Ive bought 2 julatten pythons,male female.
I have been looking at my books and internet for breed specific info on them.
From what i know they are a sub species from a jungle python.
My question is are they the same as jungles (eg)summer winter temps.
breeding conditions.

Thankyou for reading.


----------



## Sdaji (Nov 19, 2020)

They're Jungles.

Incidentally, there has never been a snake breed in any species.

Jungle Carpets are themselves a subspecies, so it is impossible to have a subspecies of them (you can't have a subspecies of a subspecies, this is a non sequitur).

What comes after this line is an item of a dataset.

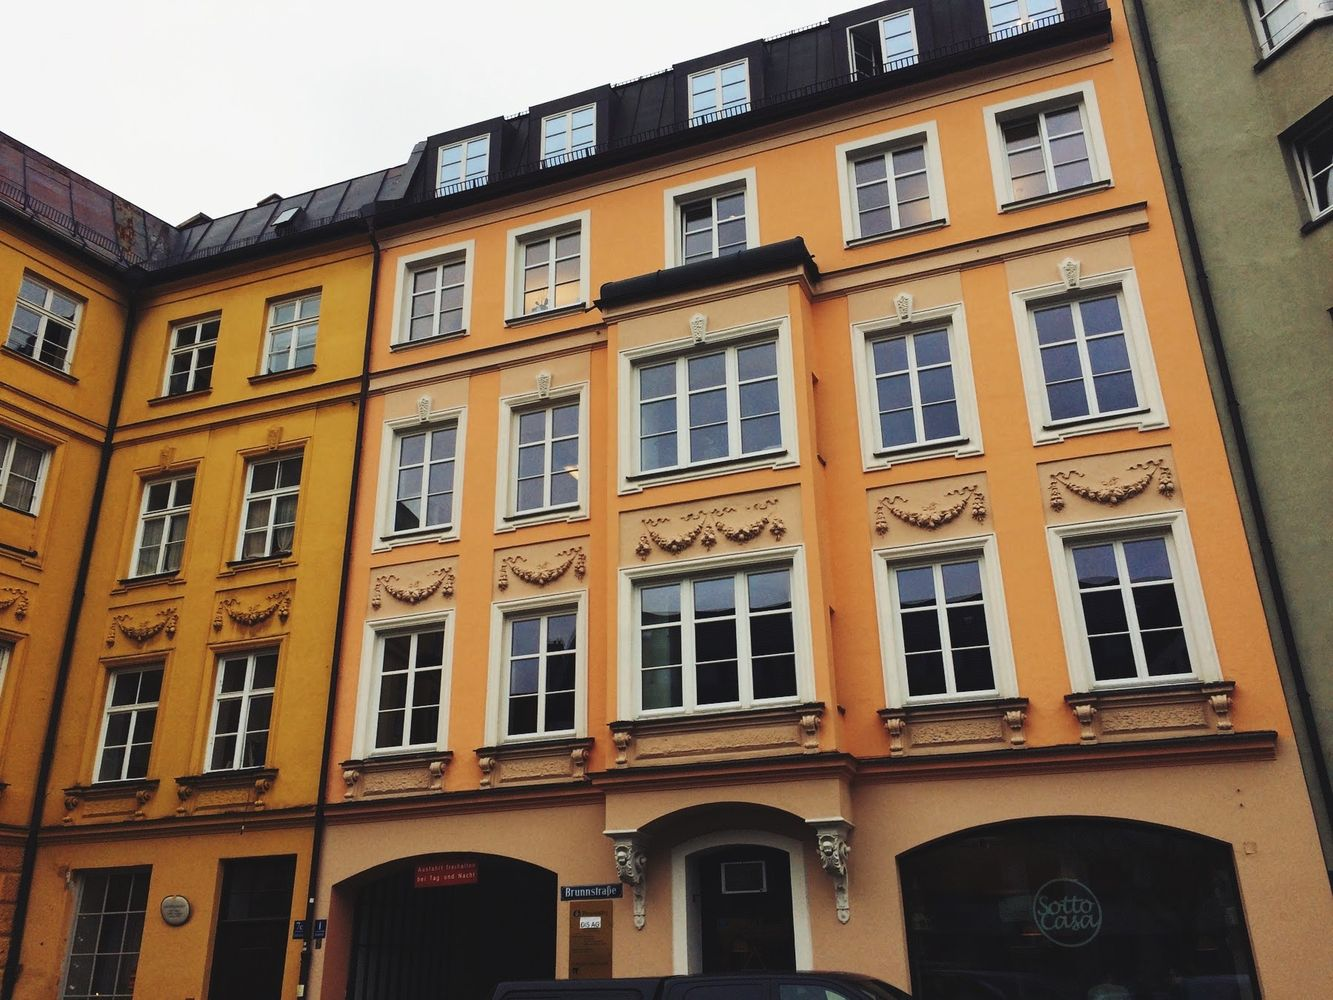 Exploring Altstadt, Munich

Julatten is just the name of a town. A Julatten Jungle is just a Jungle which is produced from animals originally caught from around Julatten, just like a Palmerston Jungle comes from Palmerston or an Atherton Jungle comes from Atherton, etc.


----------



## nick_75 (Nov 19, 2020)

Another example of the misunderstanding of the difference between scientific classification and geographic description of a specimen. 

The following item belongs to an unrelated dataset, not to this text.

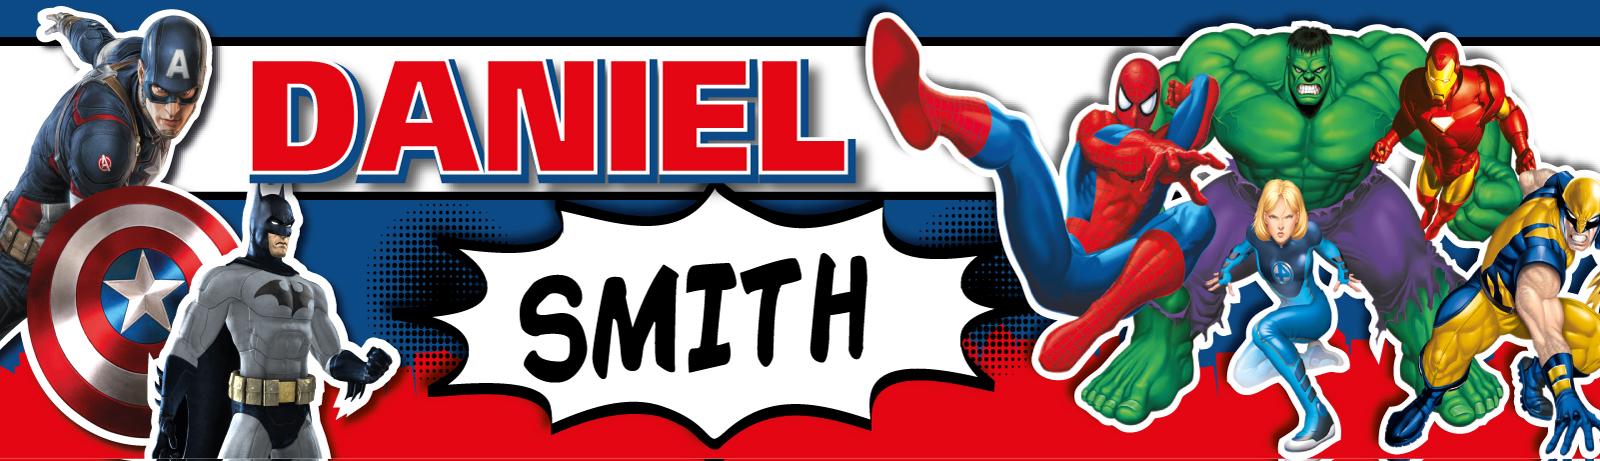 comic-superheroes-school-label.jpg

There is a Recommended Reading thread here a while ago. Maybe literature of a scientific nature could be added to that list? It may be ignored by most, but I'm sure that a part of the population on this forum would find the subject matter interesting or of benefit. https://www.aussiepythons.com/forum/threads/recommended-reading.212528/

Stuart/Rob, could we give this thread a more prominent location?


----------



## nathan ball (Dec 28, 2020)

Hello all.

I have got a pair of julatten pythons.
I tried to fill out my record book but cant find the species code for them.
Is it classed as a jungle or jungle/top end python.


----------



## Herpetology (Dec 28, 2020)

jungle python is the species (unless it’s a X)

Julatten is the locale


----------